La falta de esta transparencia o los procesos deliberativos parciales dañan al país. Cabría preguntarse si en la reciente demanda contra Bolivia ante la Corte por las aguas del río Silala se tomaron todas las precauciones para asegurar que el paso que se estaba dando fuera el fruto de una política de Estado estable y coherente.

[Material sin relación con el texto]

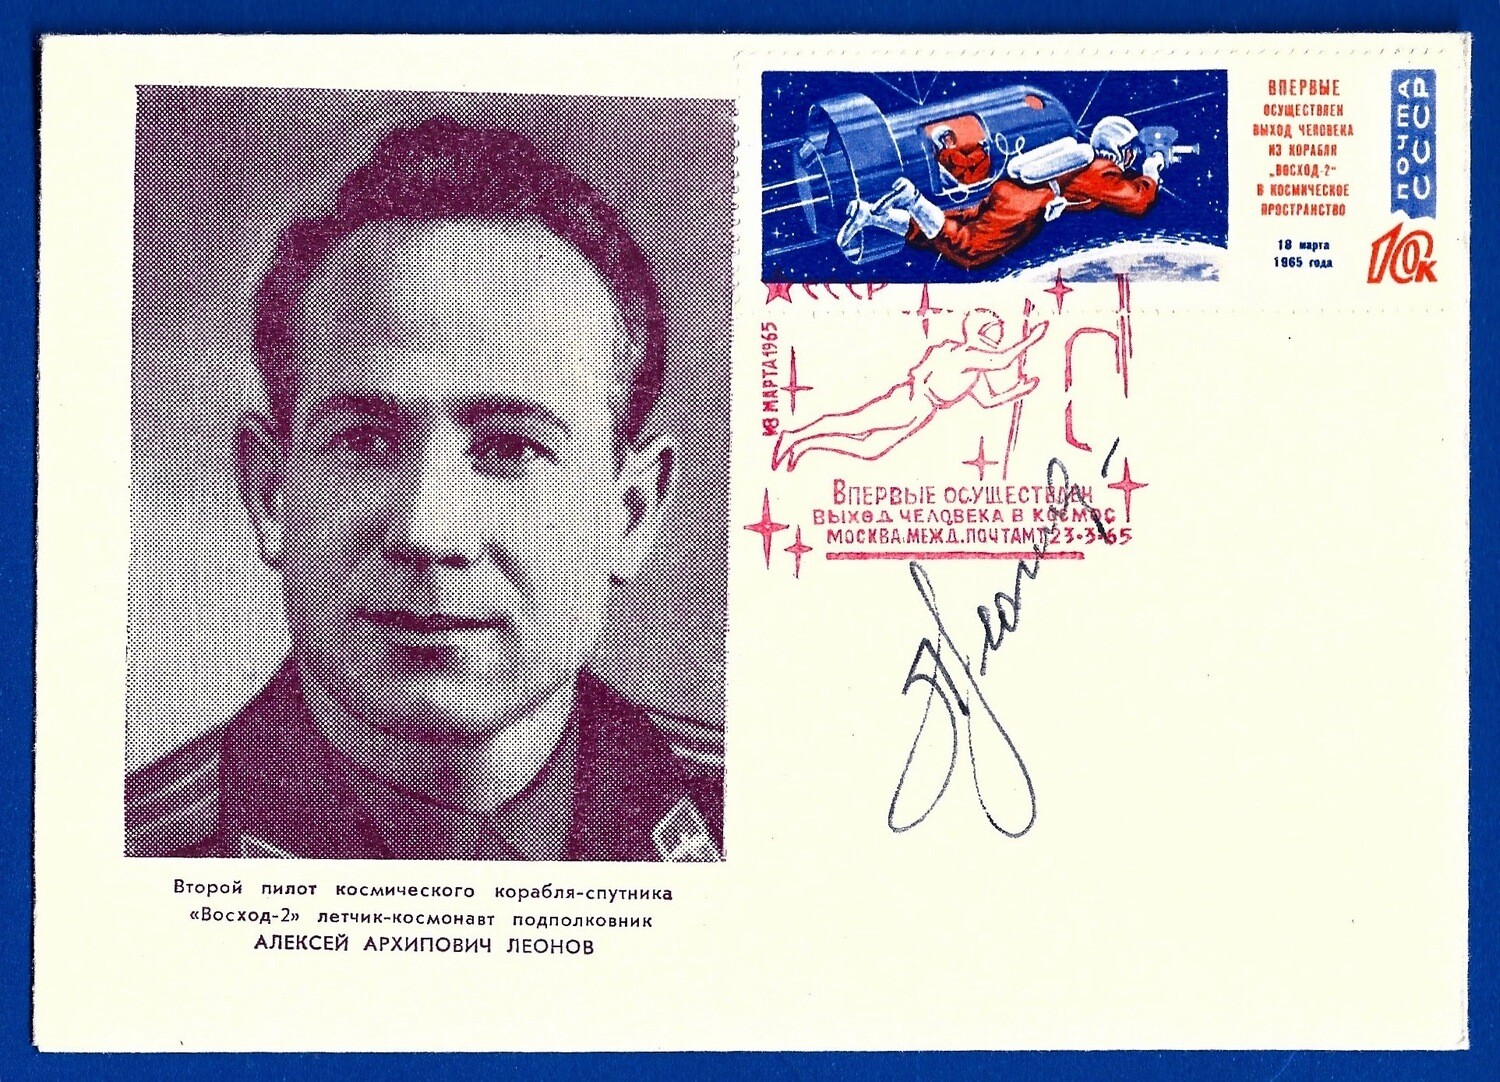 Alexei Leonov Soviet cosmonaut signed picture

Cabe que hoy estemos ante un problema serio. Se pensó que el caso iba a ser fácil, porque se trata claramente de un río internacional, y la Corte no tendría dudas para declararlo. Sin embargo, quizá no se reparó lo suficiente en que ese tribunal haría algunas preguntas incómodas. Concretamente, se va a plantear si el uso de las aguas hecho por Chile resulta equitativo y razonable. Aquí no basta con decir que ha sido magnífico para Codelco y para nuestro principal grupo minero privado. La Corte podría seguramente preguntar por los atacameños, por el destino de los derechos ancestrales de agua de esas comunidades de compatriotas nuestros, que -hasta antes del entubamiento del río Silala- habitaron sus riberas. Me temo que los abogados de Chile no han considerado este conjunto de variables que podrían tornar muy complejo el caso, abriéndose flancos inesperados y quizá no considerados por nuestra Cancillería.
Para colmo, cuando el Presidente Morales ofreció negociar hace unos meses, los chilenos -que nos consideramos tan inteligentes- lo interpretamos como un signo de debilidad. Porque somos tan europeos que jamás nos hemos preguntado por el valor de la negociación y la reciprocidad en la cultura de los pueblos altiplánicos.
No depende de nosotros lo que determine la Corte, ni hoy ni mañana. Pero sí está a nuestro alcance el preguntarnos: "de ahora en adelante, ¿cómo nos vamos a relacionar con Bolivia?" Y eso supone reconocer un hecho elemental: ellos nos conocen mejor a nosotros de lo que nosotros a ellos. Mientras no hagamos un esfuerzo serio para mirar más allá de nuestras narices, seguiremos siendo vistos como el hombre malo que tiene amarrado al jilguero.